Dataset extract:
- - -

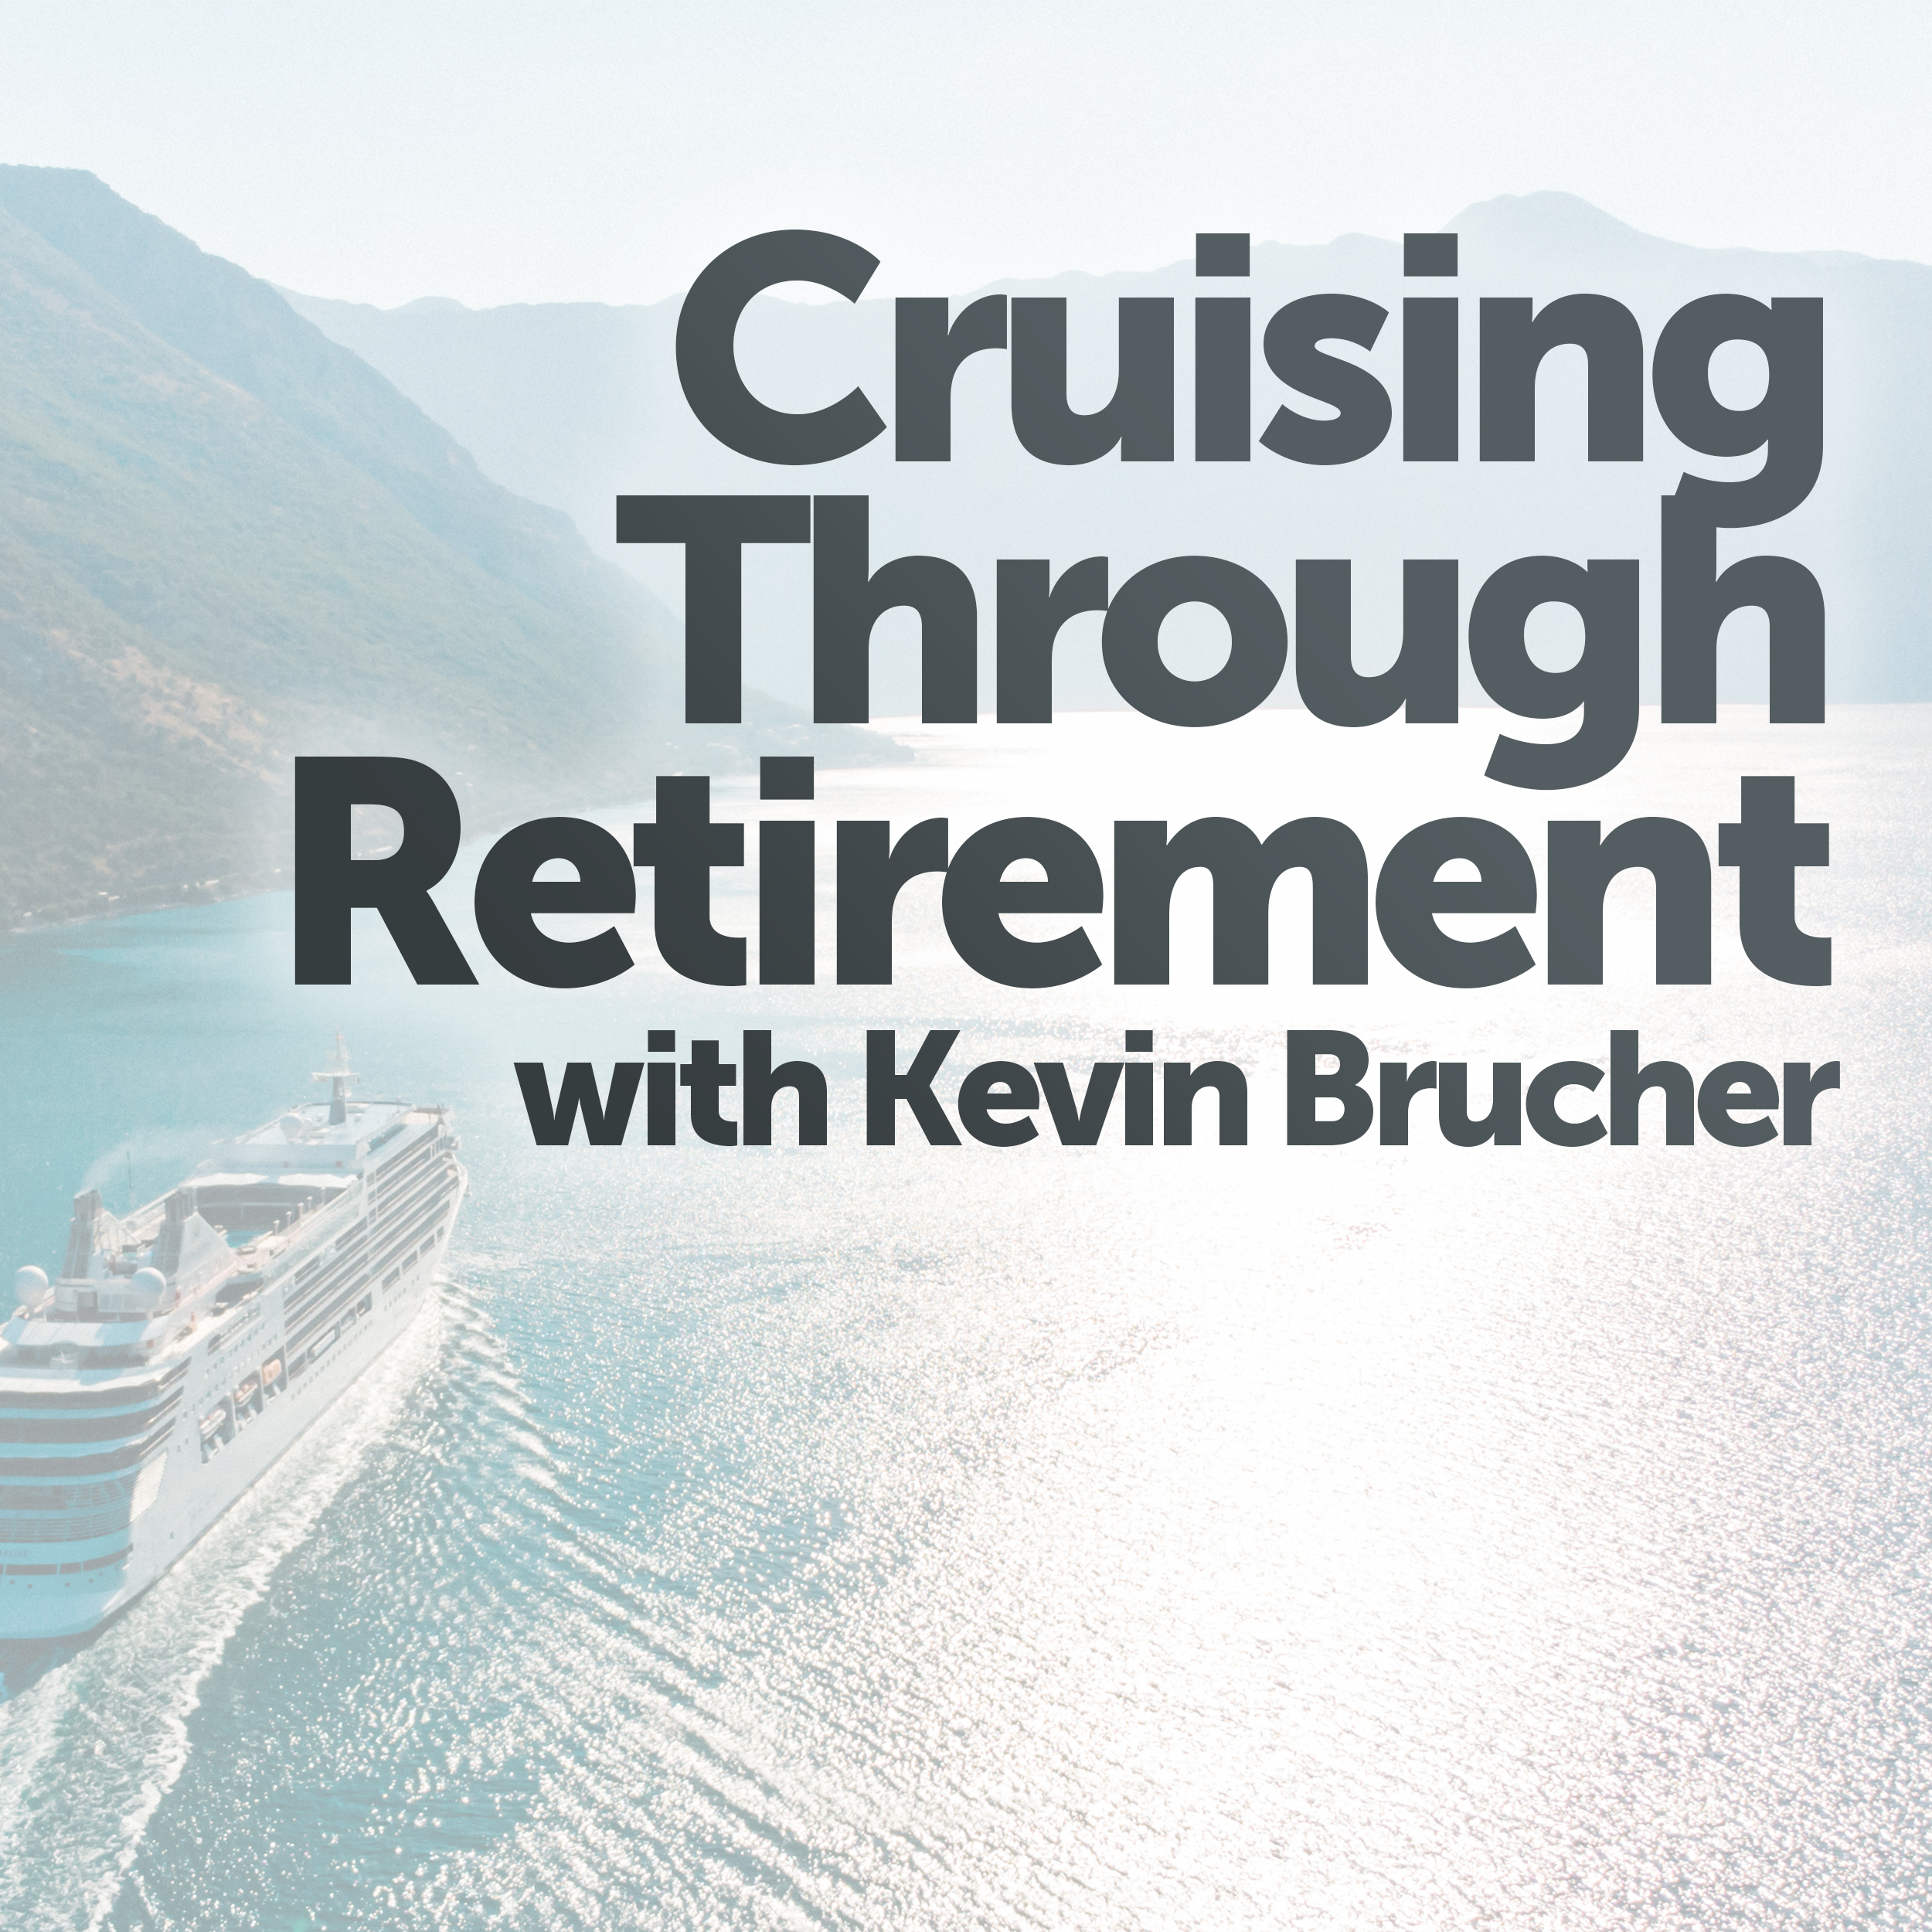 Cruising Through Retirement Kevin Brucher takes us on that path from saving to a solid spending and income plan as you enter retirement.
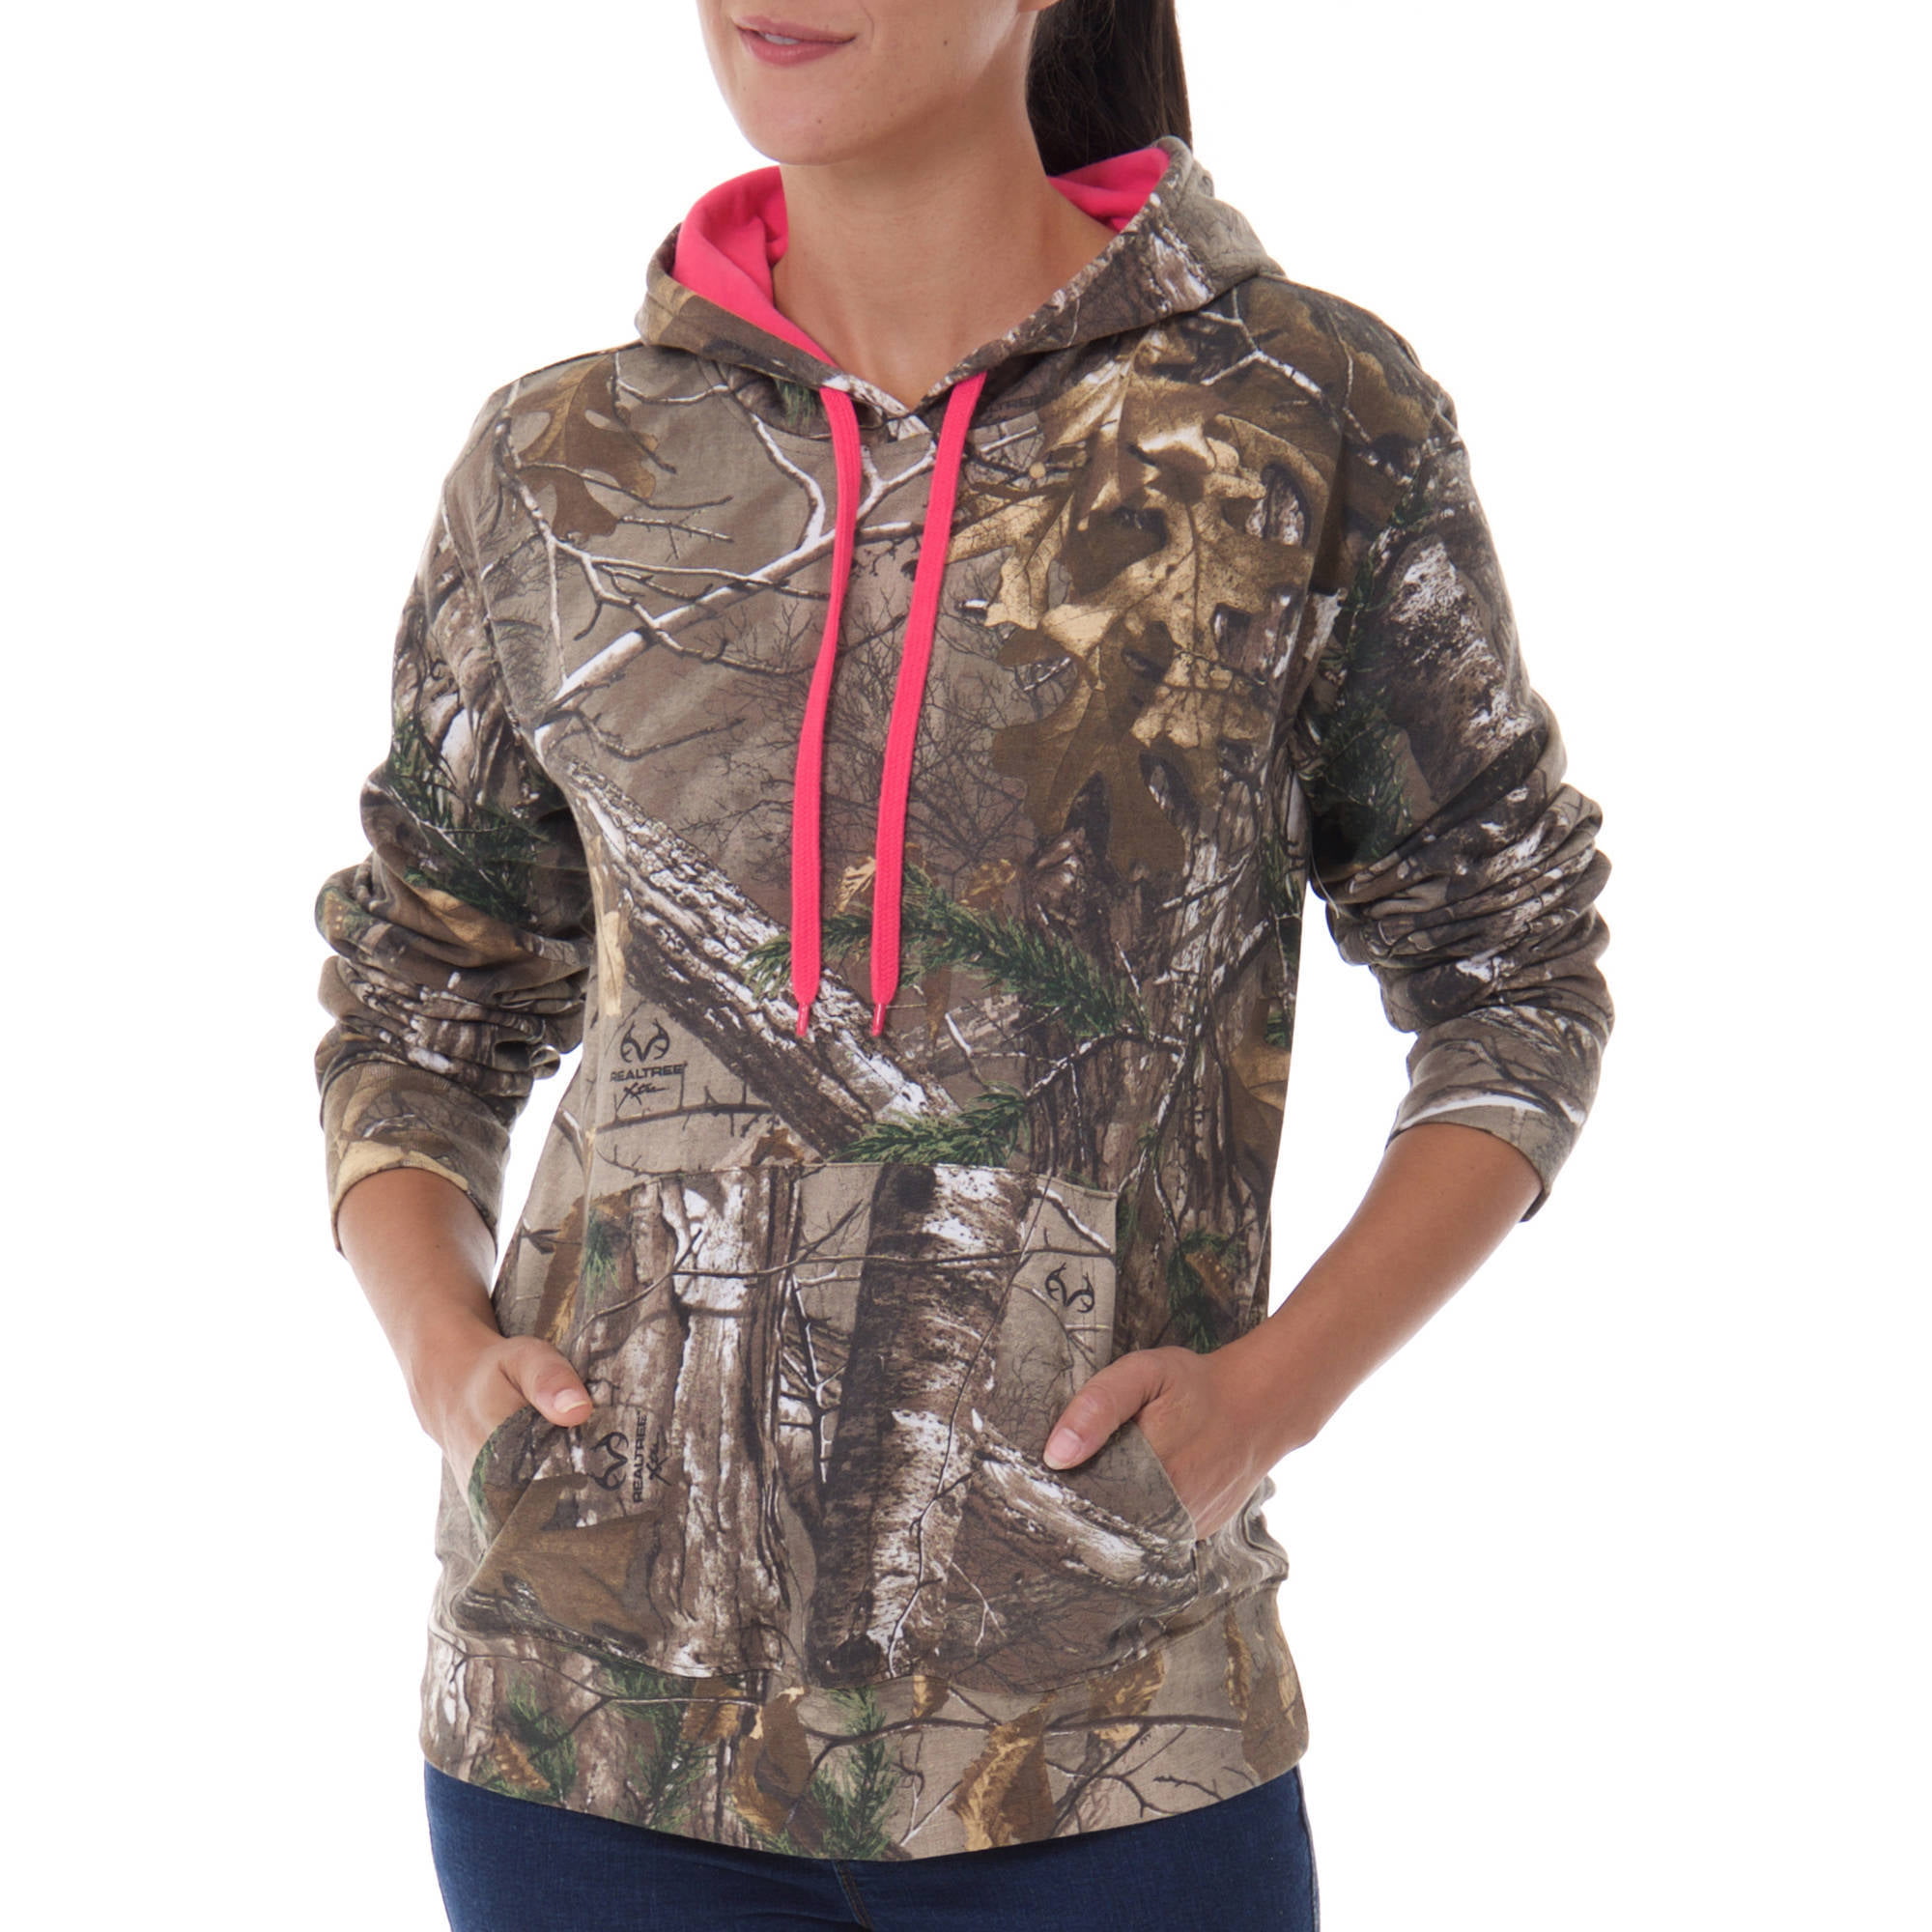 ReachMe Womens Casual Camo Hoodie with Kangaroo Pocket Lightweight Camouflage Drawstring Pullovers 
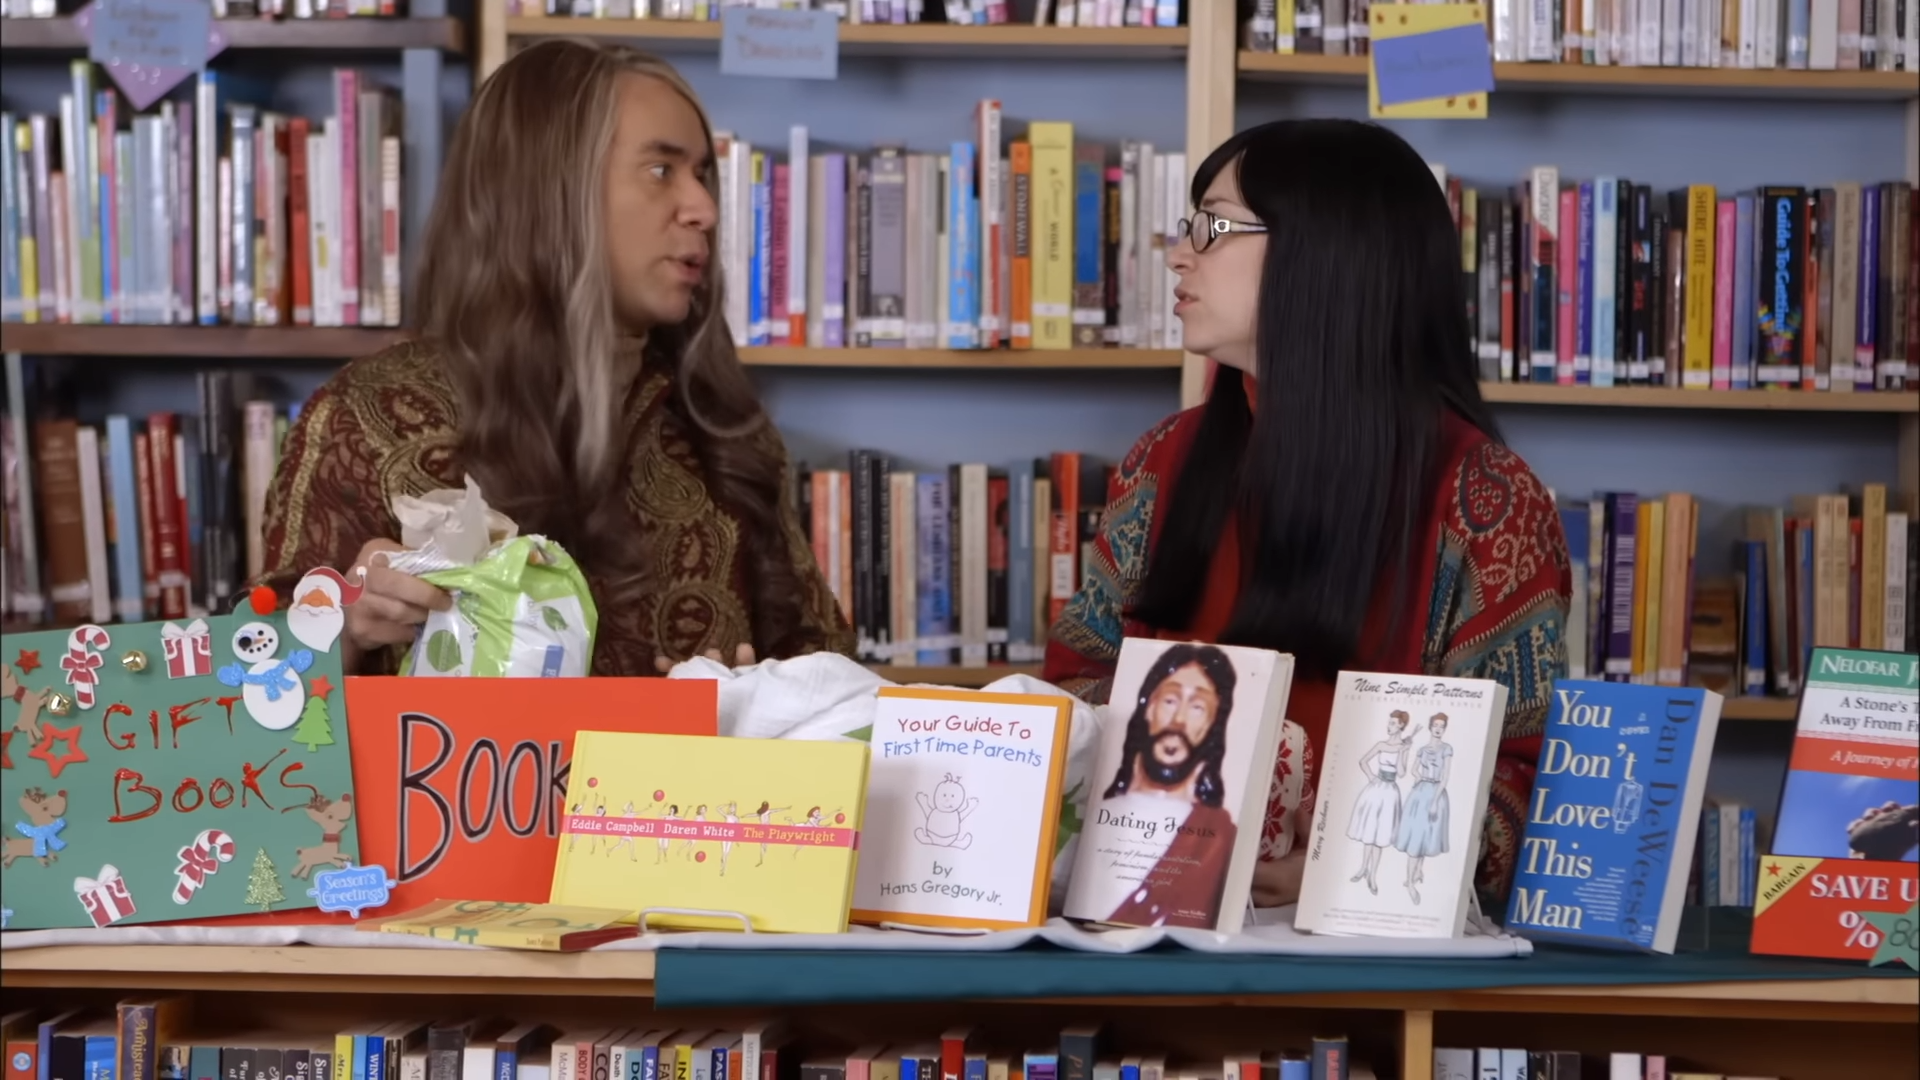 Fred Armisen and Carrie Brownstein are playing characters from &quot;Portlandia&quot; in a bookstore

- - -

What you will do: An exact reproduction of the material above is needed, without its pictures.

Result:
 Cruising Through Retirement Kevin Brucher takes us on that path from saving to a solid spending and income plan as you enter retirement.
 ReachMe Womens Casual Camo Hoodie with Kangaroo Pocket Lightweight Camouflage Drawstring Pullovers 
 Fred Armisen and Carrie Brownstein are playing characters from &quot;Portlandia&quot; in a bookstore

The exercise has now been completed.